Alle betrokkenen hebben momenten die ze niet meer vergeten. De terugkeer van de lichamen naar Nederland op 23 juli was zo'n moment. Voor Pistecky was het meest emotioneel de dag dat Nederland in juni 2018 de Russische Federatie officieel aansprakelijk stelde voor het neerhalen van het vliegtuig. ‘De hele kwestie kwam toen voor mij tot de essentie.’

Vergroot afbeelding
Beeld: ©Ministerie van Buitenlandse Zaken
Het monument in Vijfhuizen met de namen van de slachtoffers.

Tien jaar na de ramp staat MH17 nog volop in de belangstelling. Niet alleen in Nederland maar ook daarbuiten. Robert Dresen vindt dat best bijzonder: ‘Deels komt dat door de politieke en humanitaire context waarin de ramp plaatsvond. Maar ik zie de internationale belangstelling ook als gevolg van de resolutie die Nederland kort na de ramp heeft ingediend in de Veiligheidsraad. Daarin pleitten we voor waarheidsvinding, rekenschap en gerechtigheid.’

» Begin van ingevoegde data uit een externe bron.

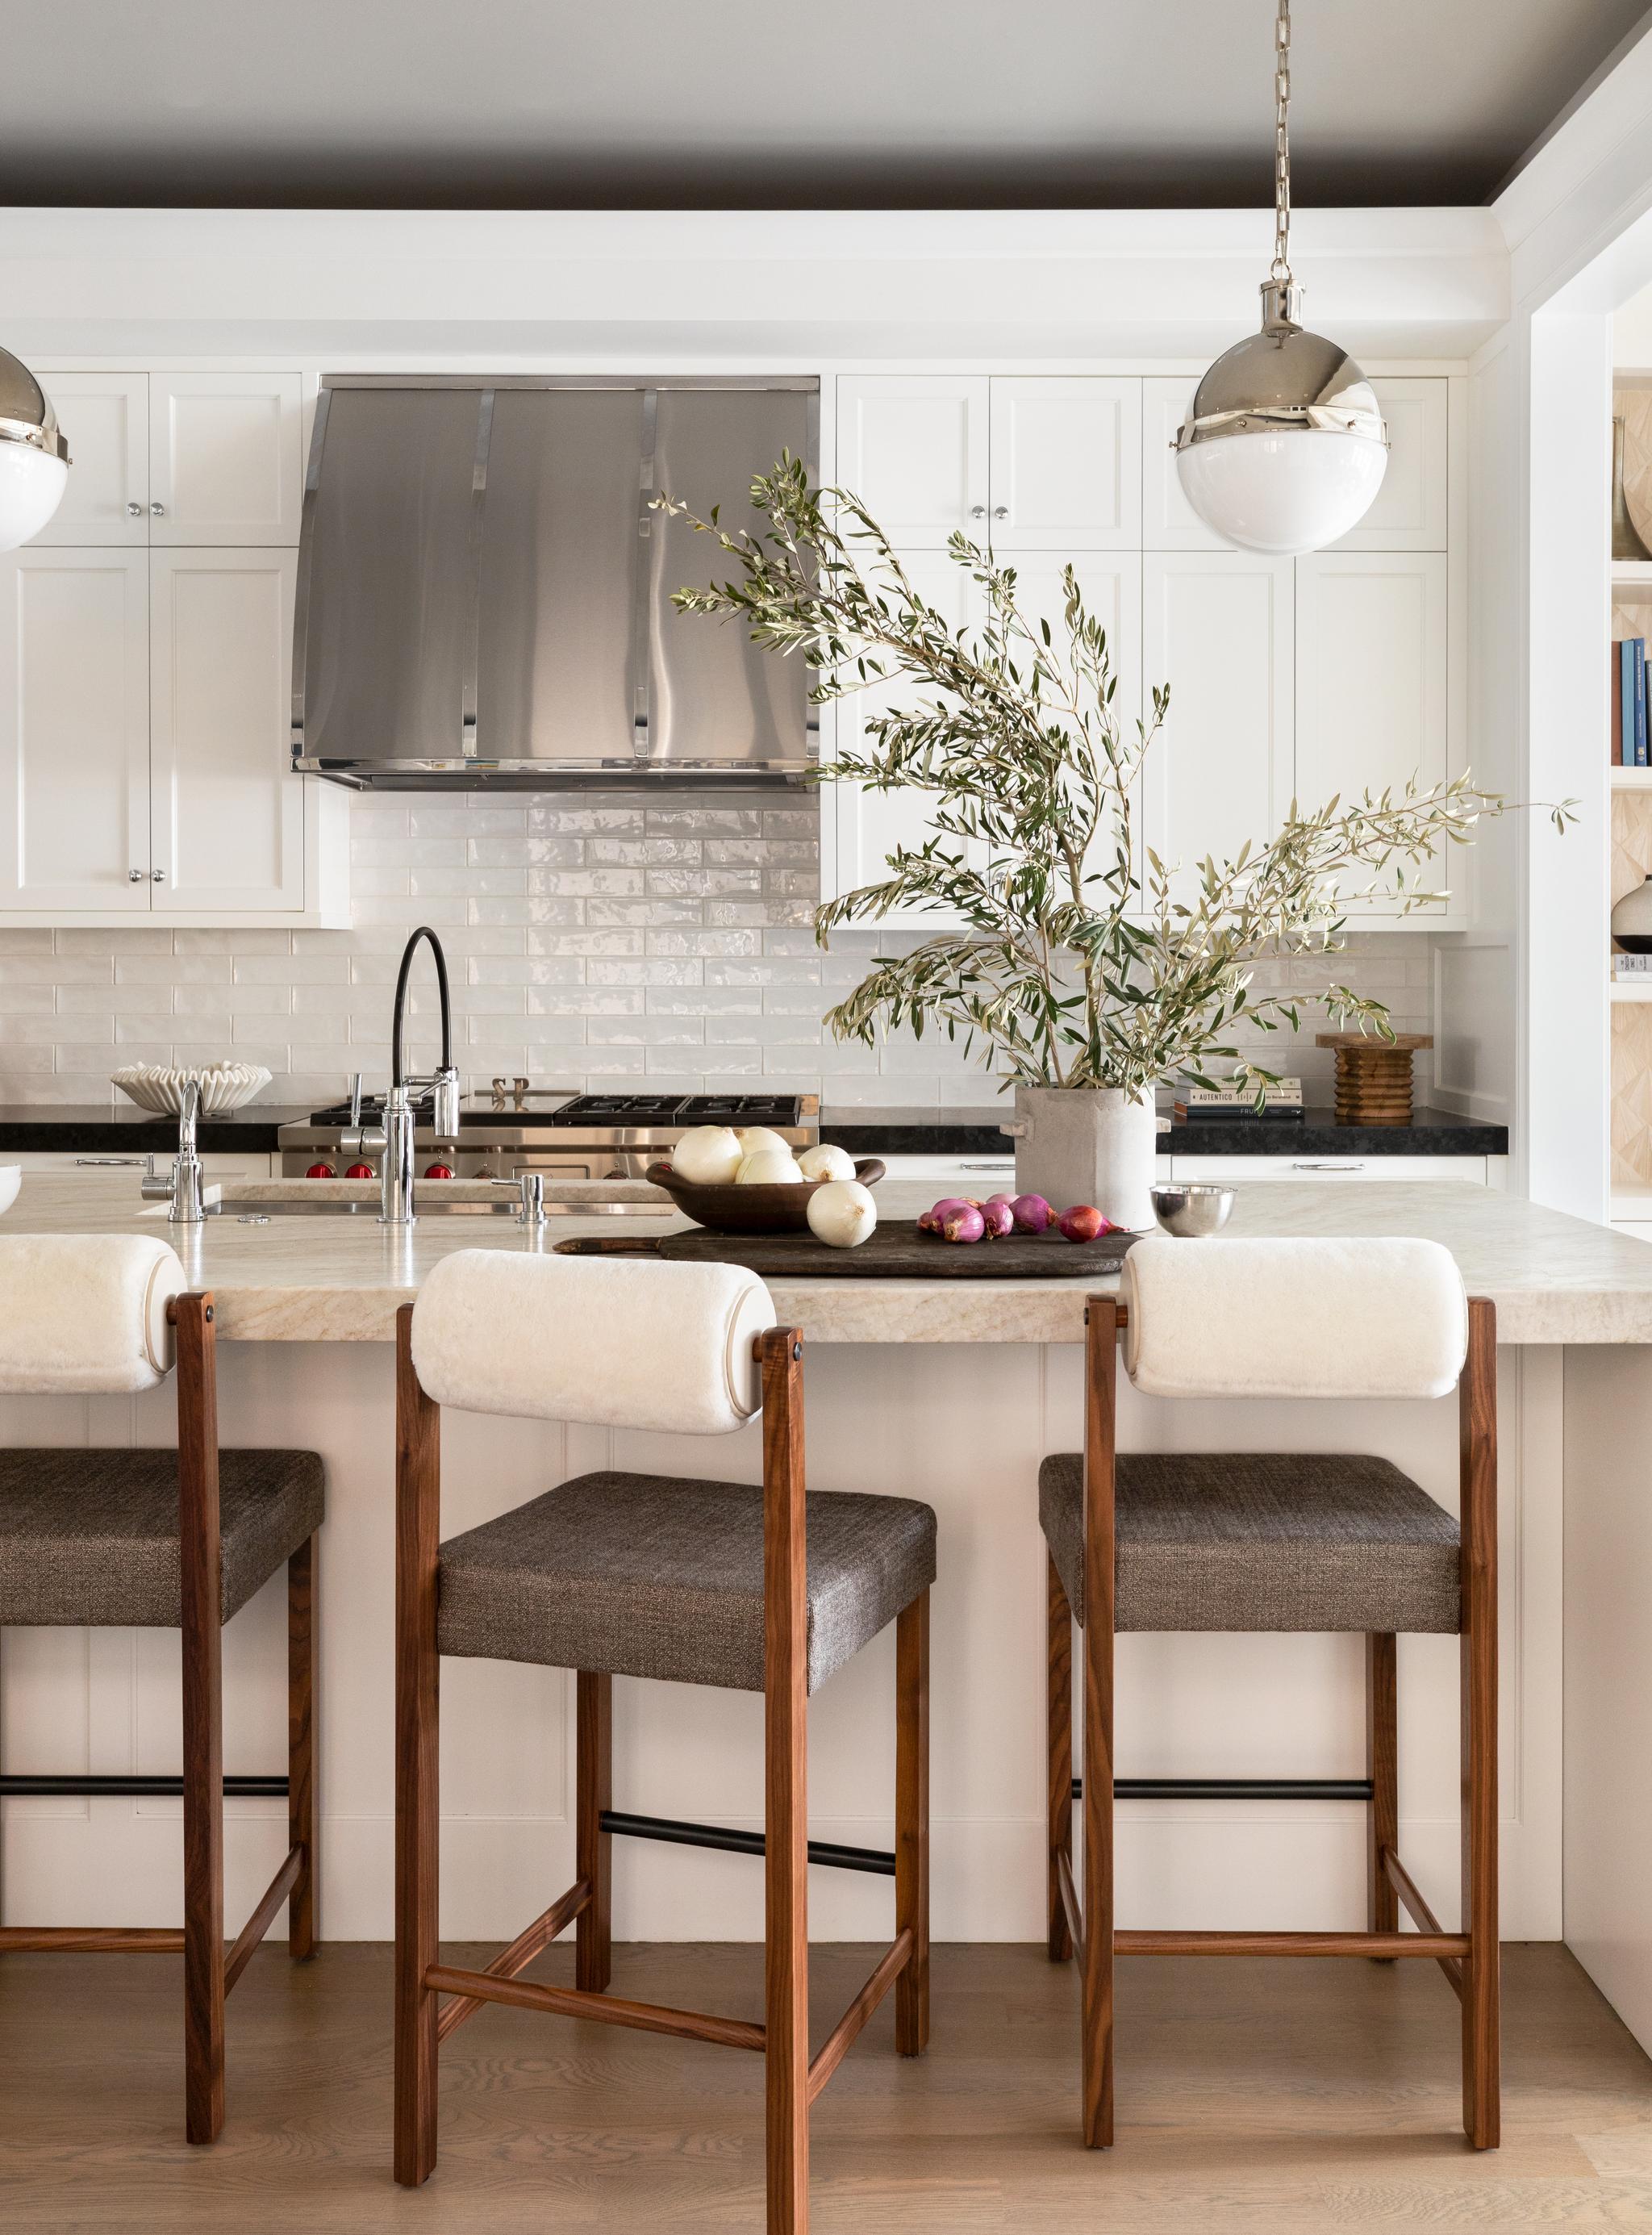 Kitchen - The heart of the home transformed with styling

‘Dat klinkt als een abc’tje, maar het is heel belangrijk gebleken. Al wil ik niet ons als diplomaten belangrijker maken dan we zijn. Voor mij zijn de echte helden zij die in Oost-Oekraïne de slachtoffers hebben geborgen. En het allerbelangrijkste zijn de nabestaanden van de 298 omgekomen mensen. Gerechtigheid is voor Nederland heel belangrijk, maar voor hen essentieel.’